▸ DATASET EXCERPT

┌──

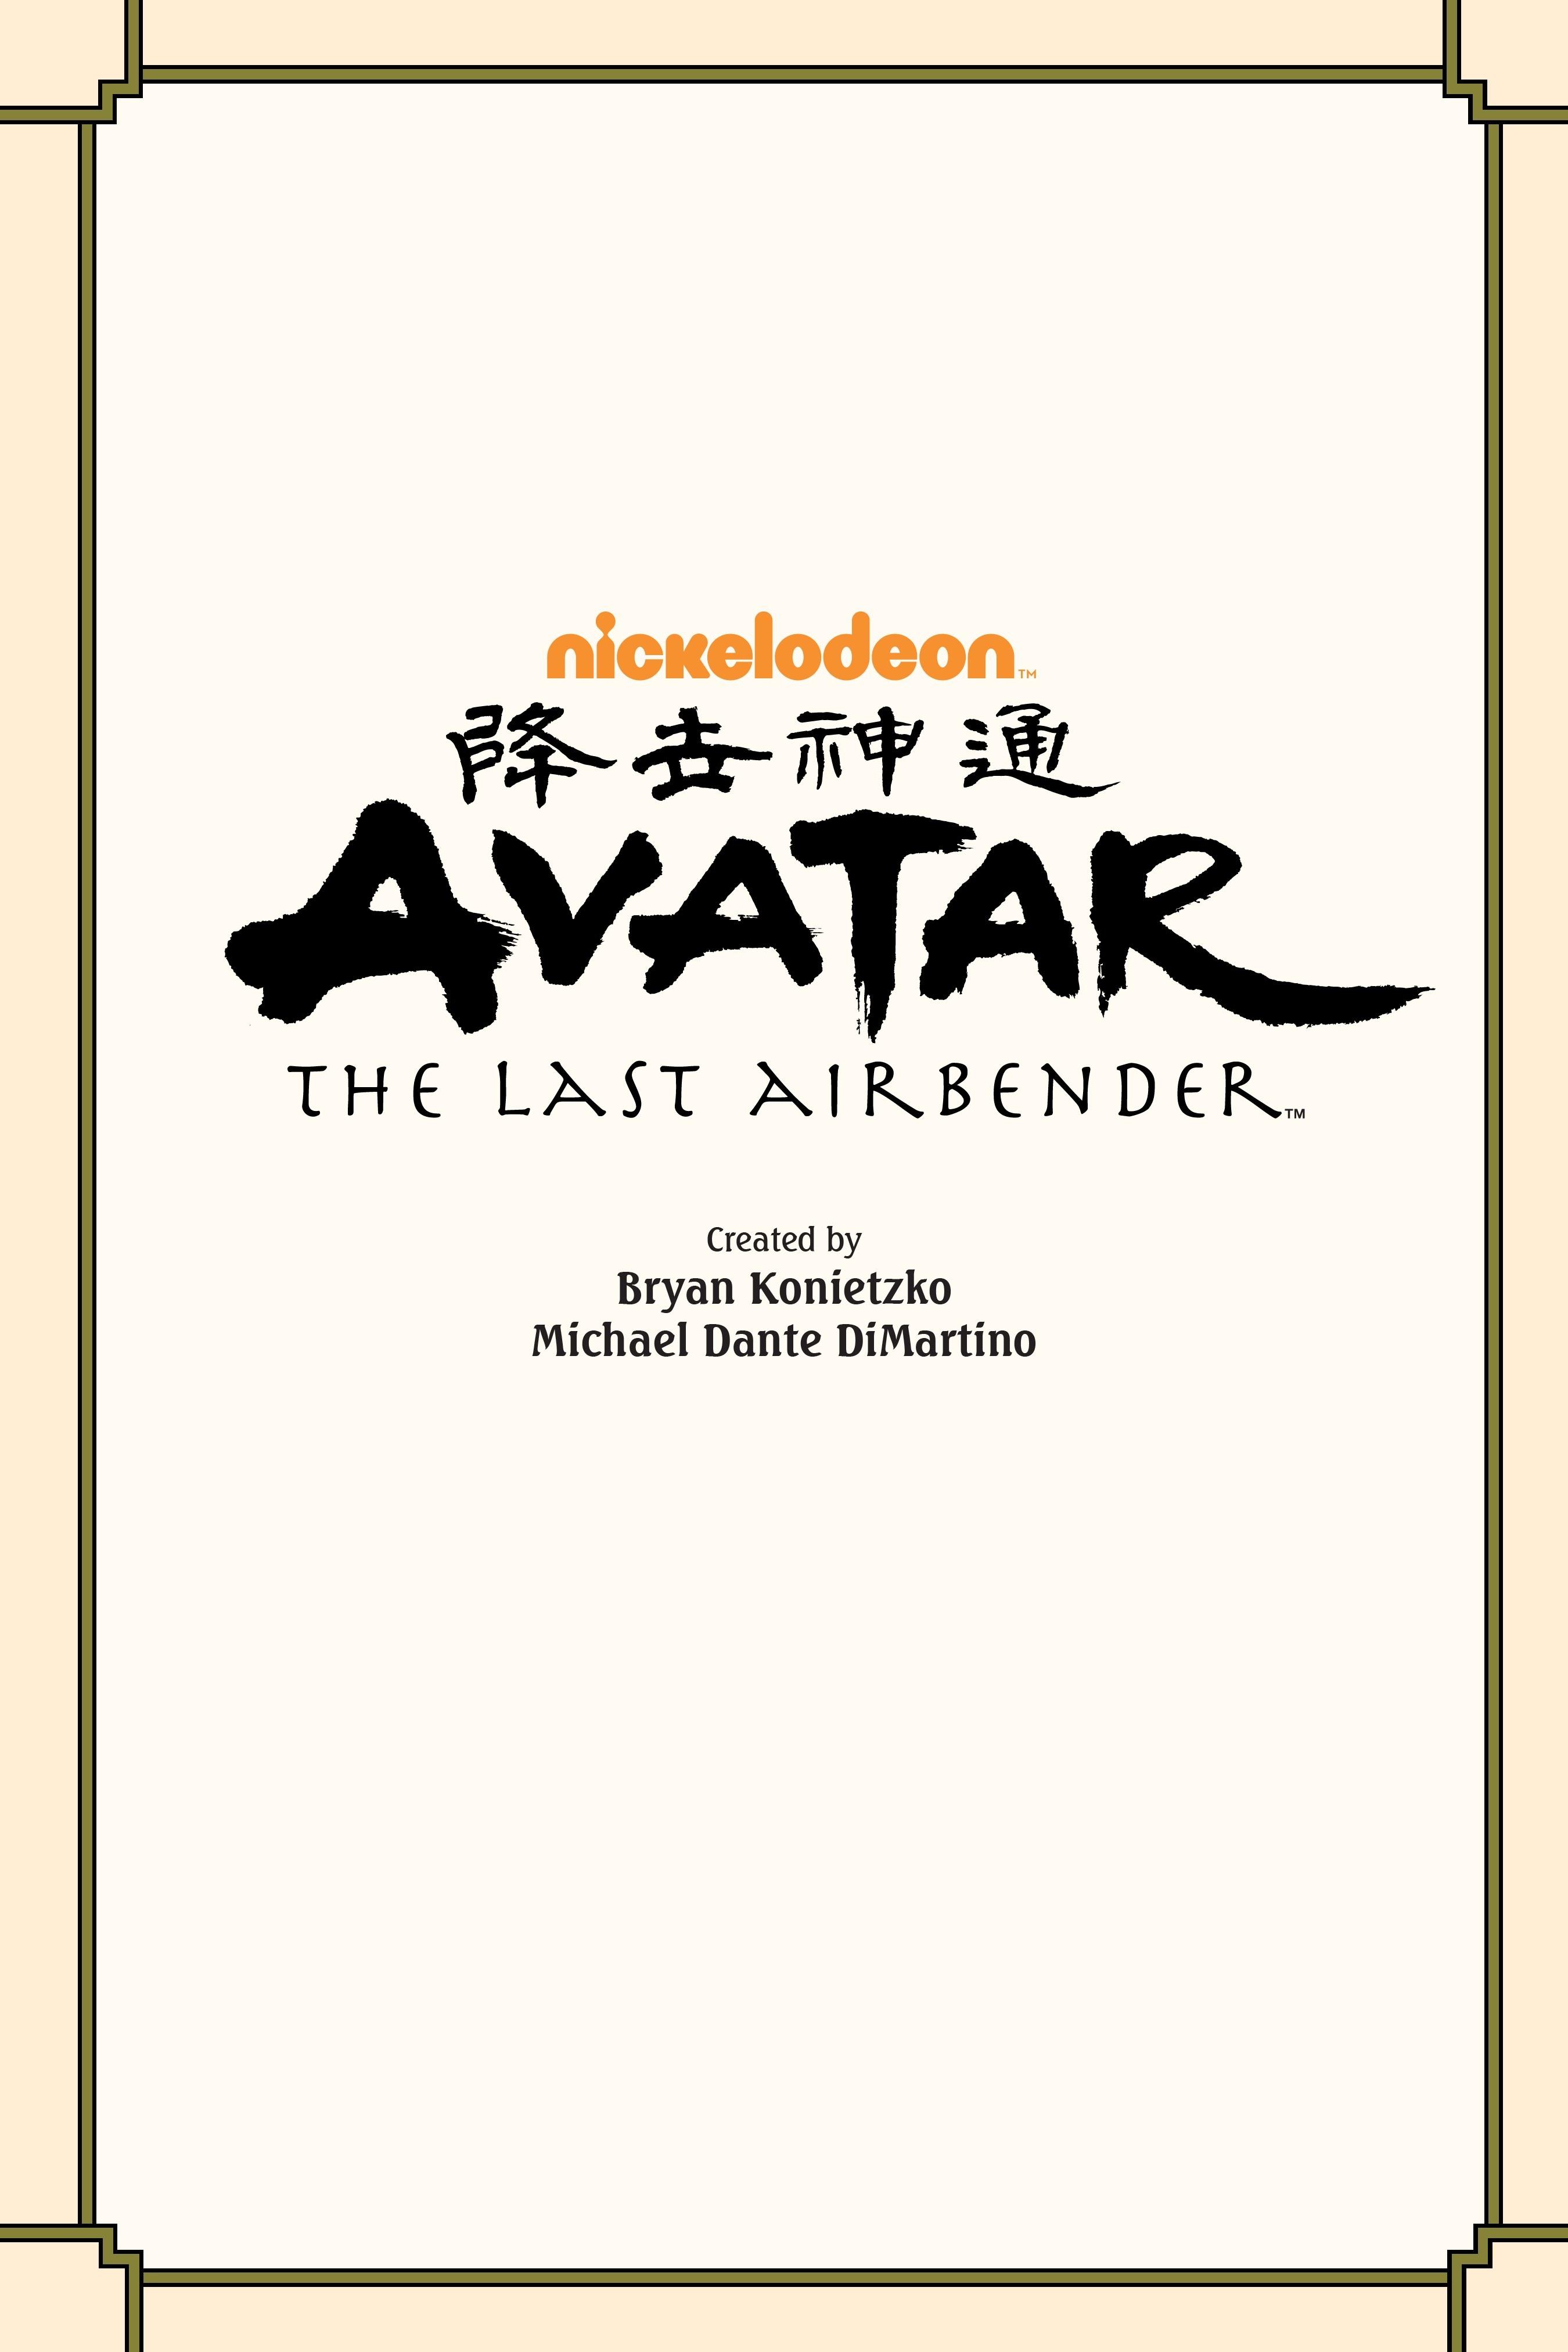 Nickelodeon Avatar: The Last Airbender - Imbalance TPB_2 Page 2
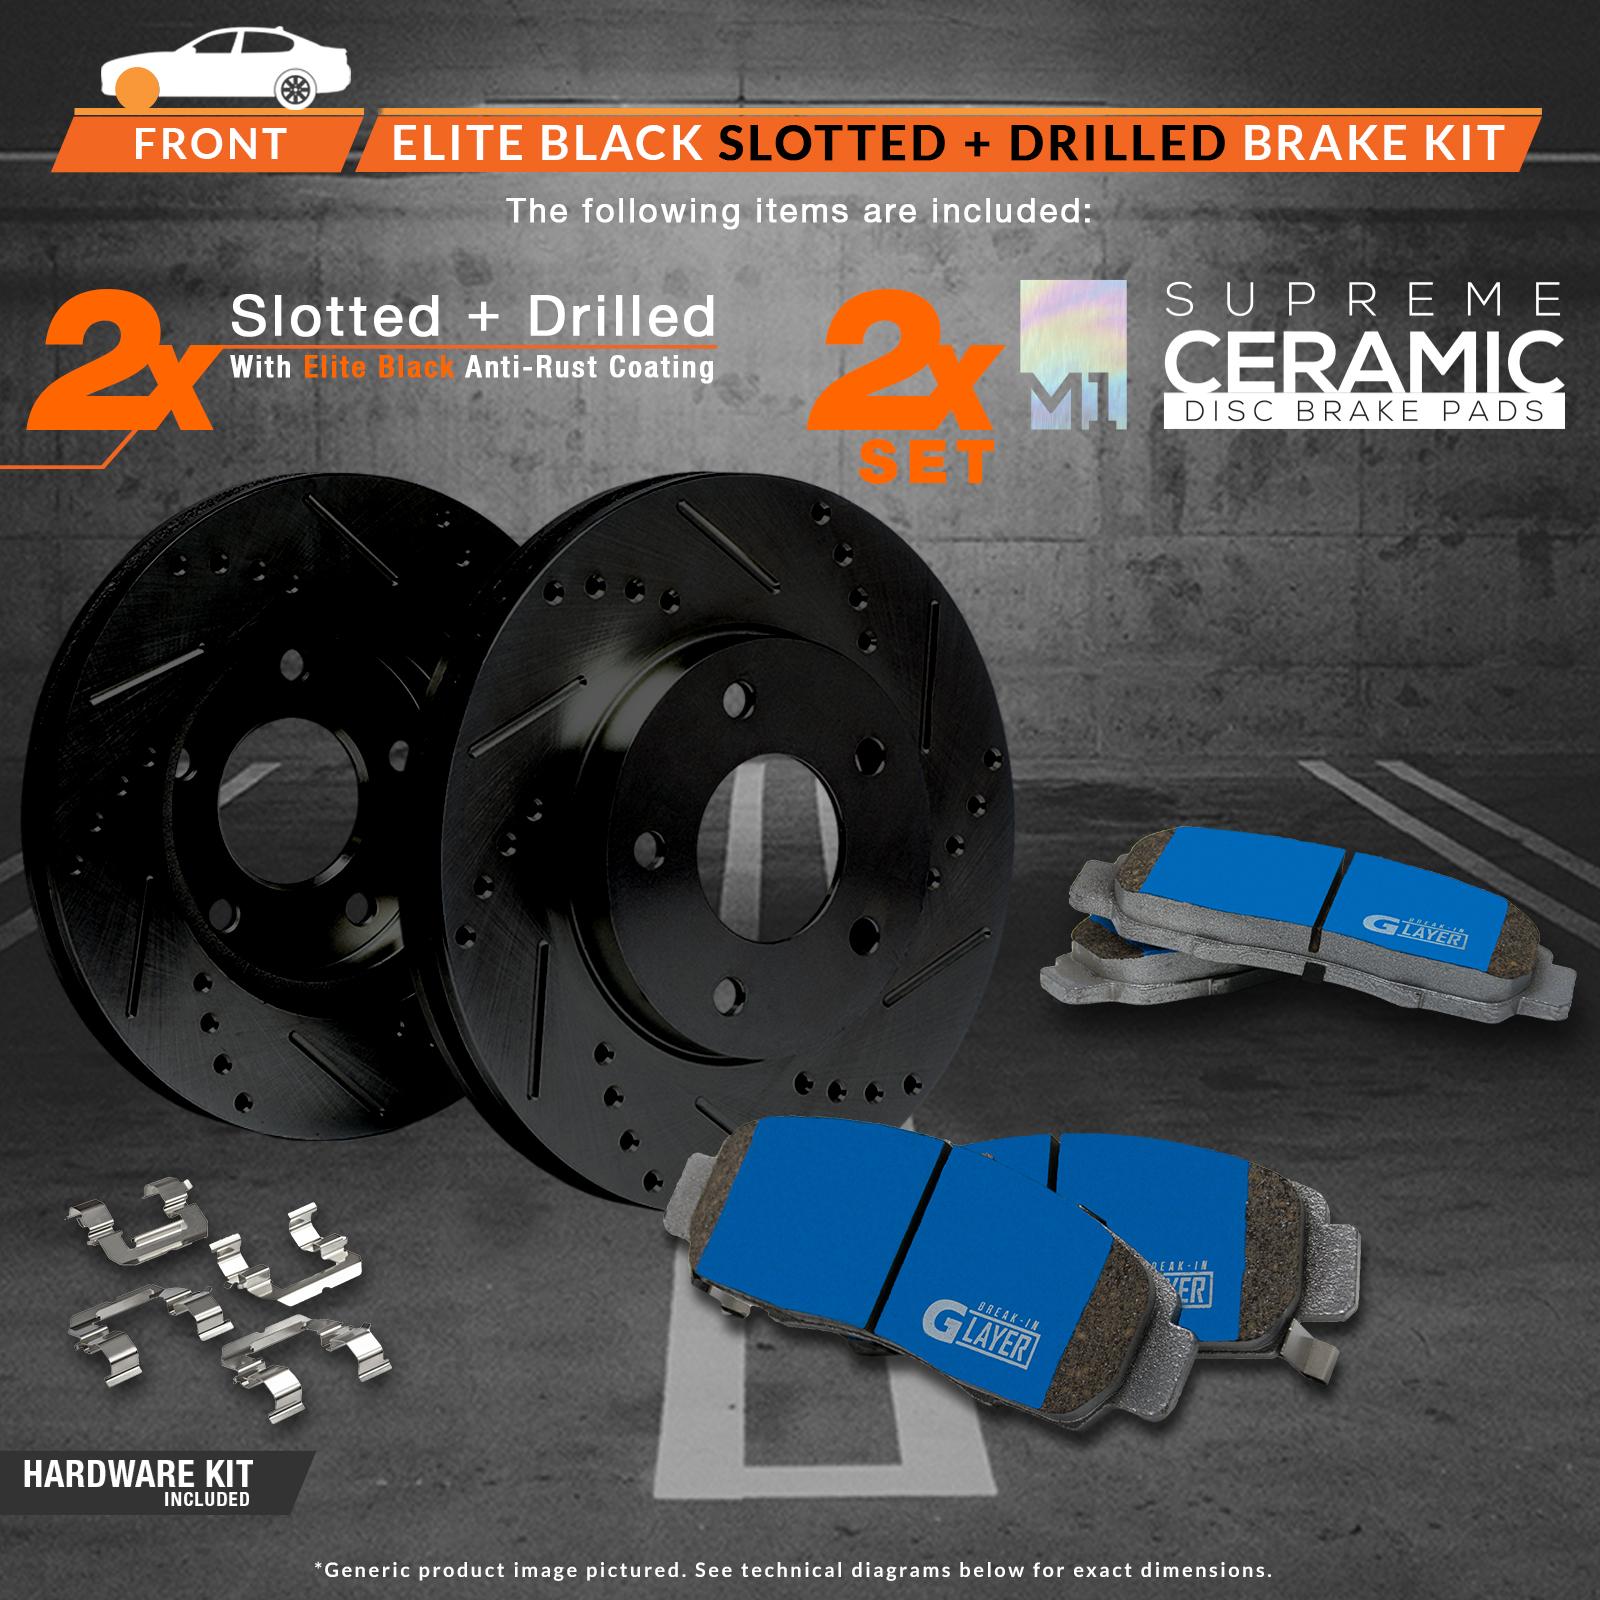 F-Rotors-w-M1-Ceramic-Pads-Elite-Brakes-2007-2008-2011-Fit-Lexus-GS350-AWD thumbnail 2
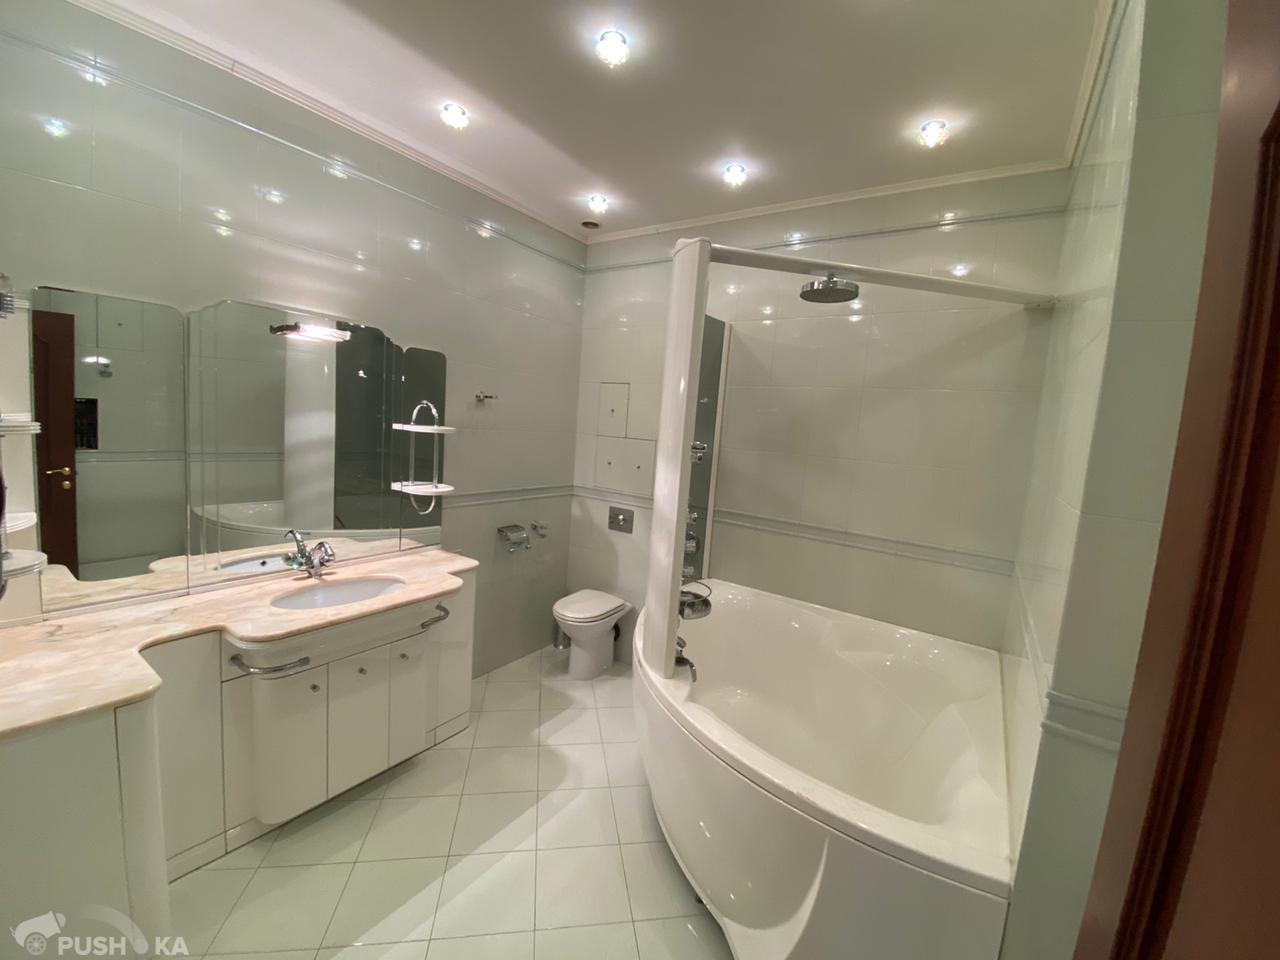 Продаётся 4-комнатная квартира 196.0 кв.м. этаж 2/22 за 69 900 000 руб

└──

▸ WHAT IS EXPECTED
Output all the data, exactly, without images.

▸ ANSWER BELOW
 Nickelodeon Avatar: The Last Airbender - Imbalance TPB_2 Page 2
 F-Rotors-w-M1-Ceramic-Pads-Elite-Brakes-2007-2008-2011-Fit-Lexus-GS350-AWD thumbnail 2
 Продаётся 4-комнатная квартира 196.0 кв.м. этаж 2/22 за 69 900 000 руб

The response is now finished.